• **TASK INPUTS**:
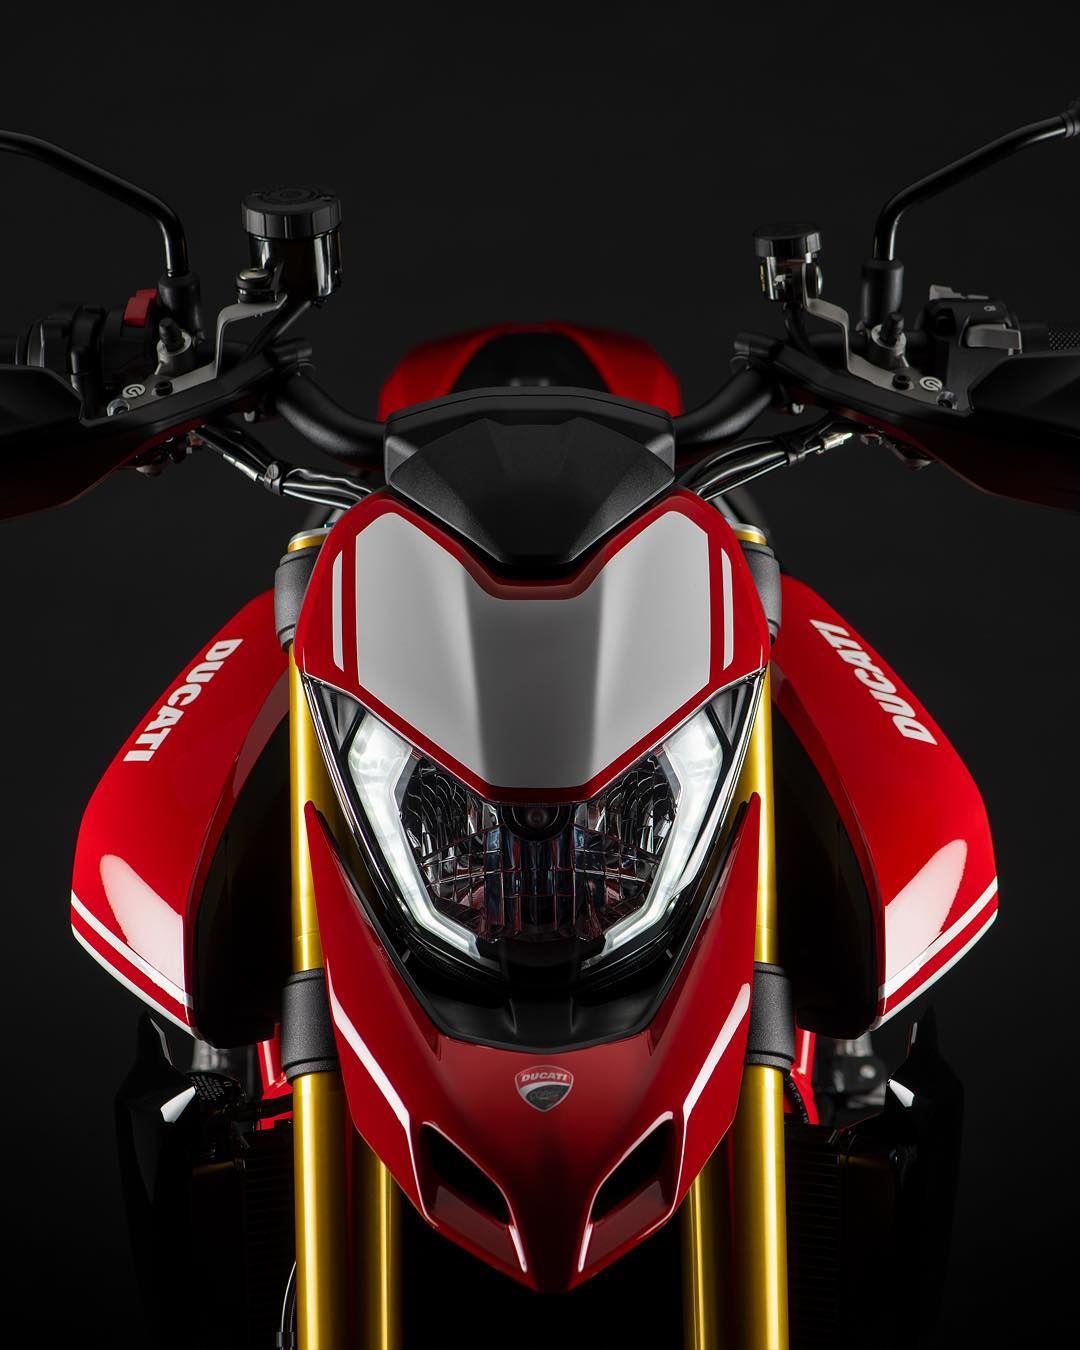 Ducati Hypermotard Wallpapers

...

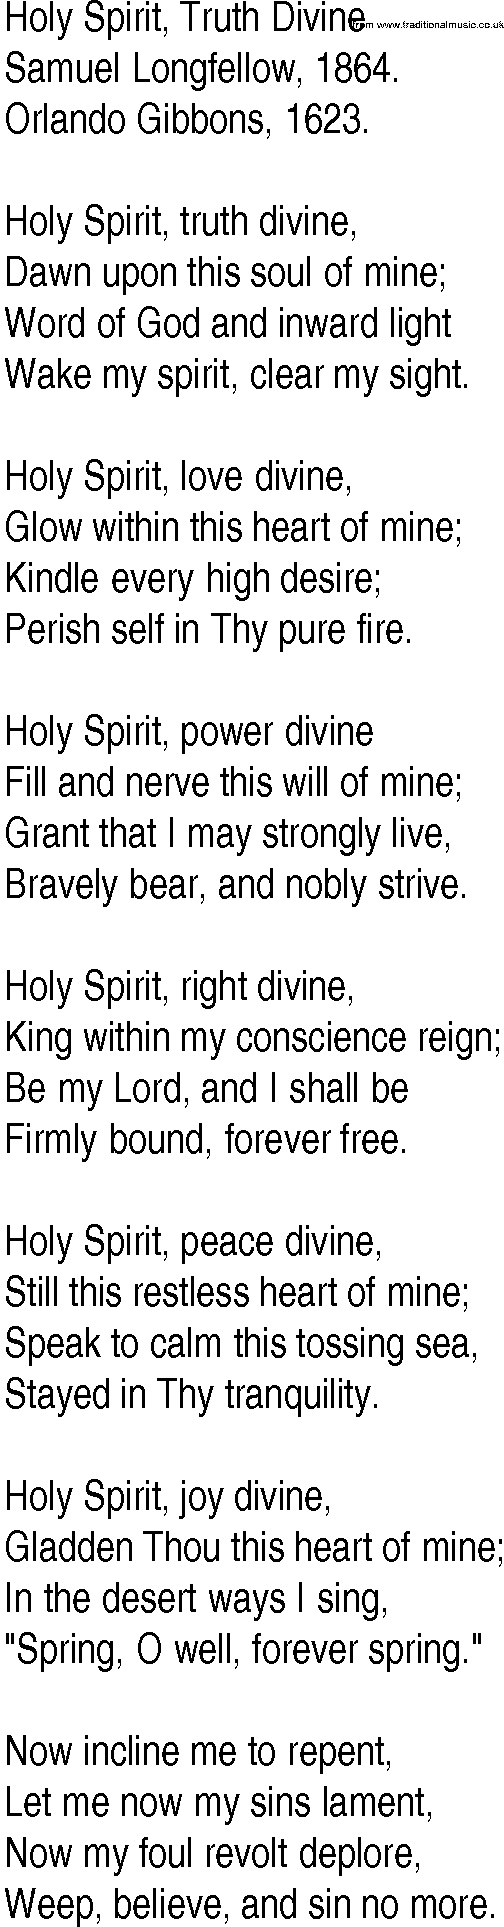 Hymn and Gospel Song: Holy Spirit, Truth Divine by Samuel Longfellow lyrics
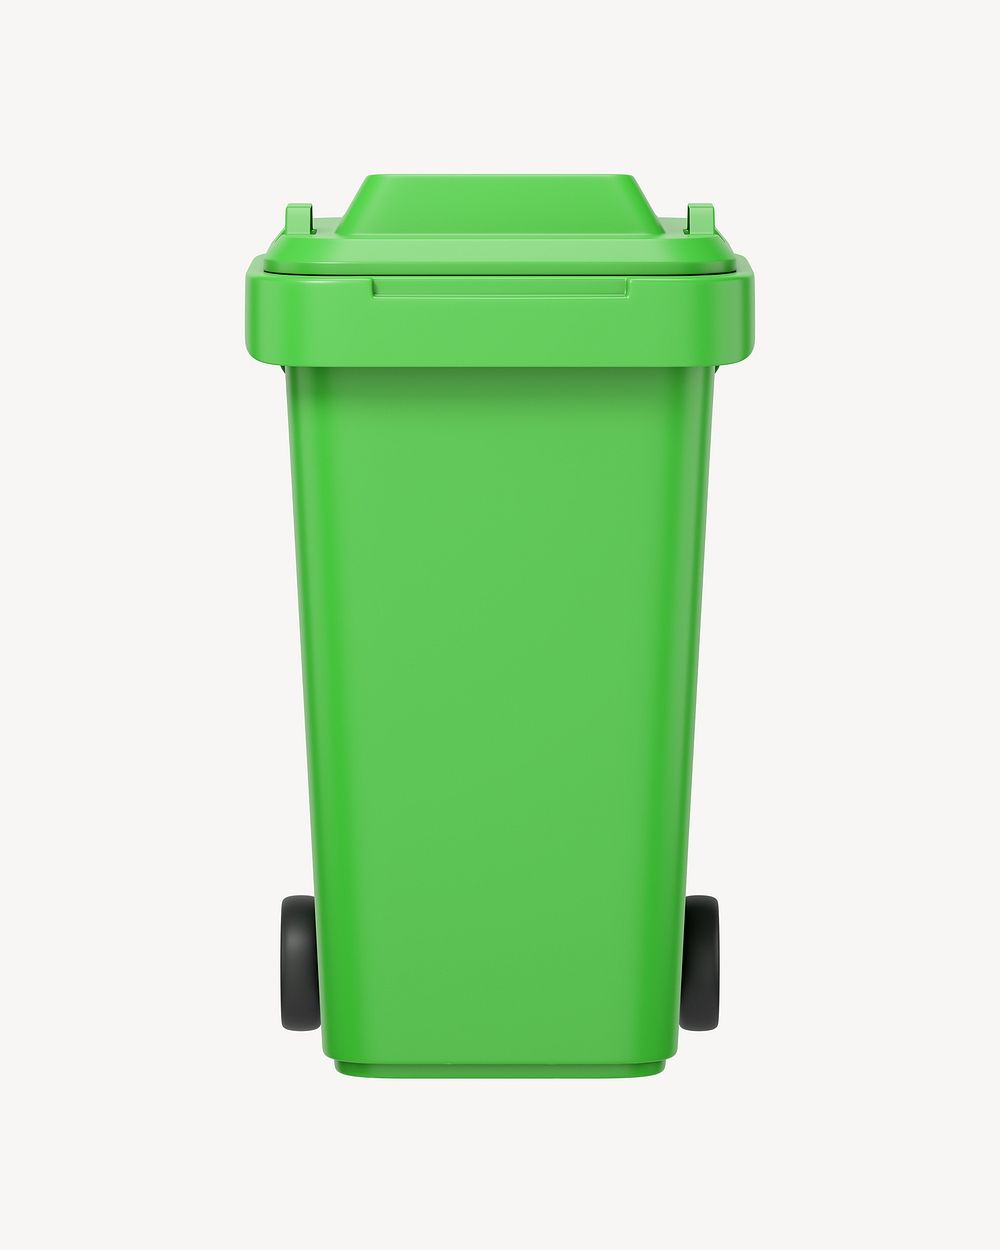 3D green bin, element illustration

• **WHAT THIS TASK INVOLVES**: Output exactly the stretch of the listing that begins at the line containing "Hymn and Gospel" and ends at the line containing "3D green bin, element illustration", both kept. Omit pictures and everything else.

• **ANSWER TO THE PROBLEM**:
 Hymn and Gospel Song: Holy Spirit, Truth Divine by Samuel Longfellow lyrics
 3D green bin, element illustration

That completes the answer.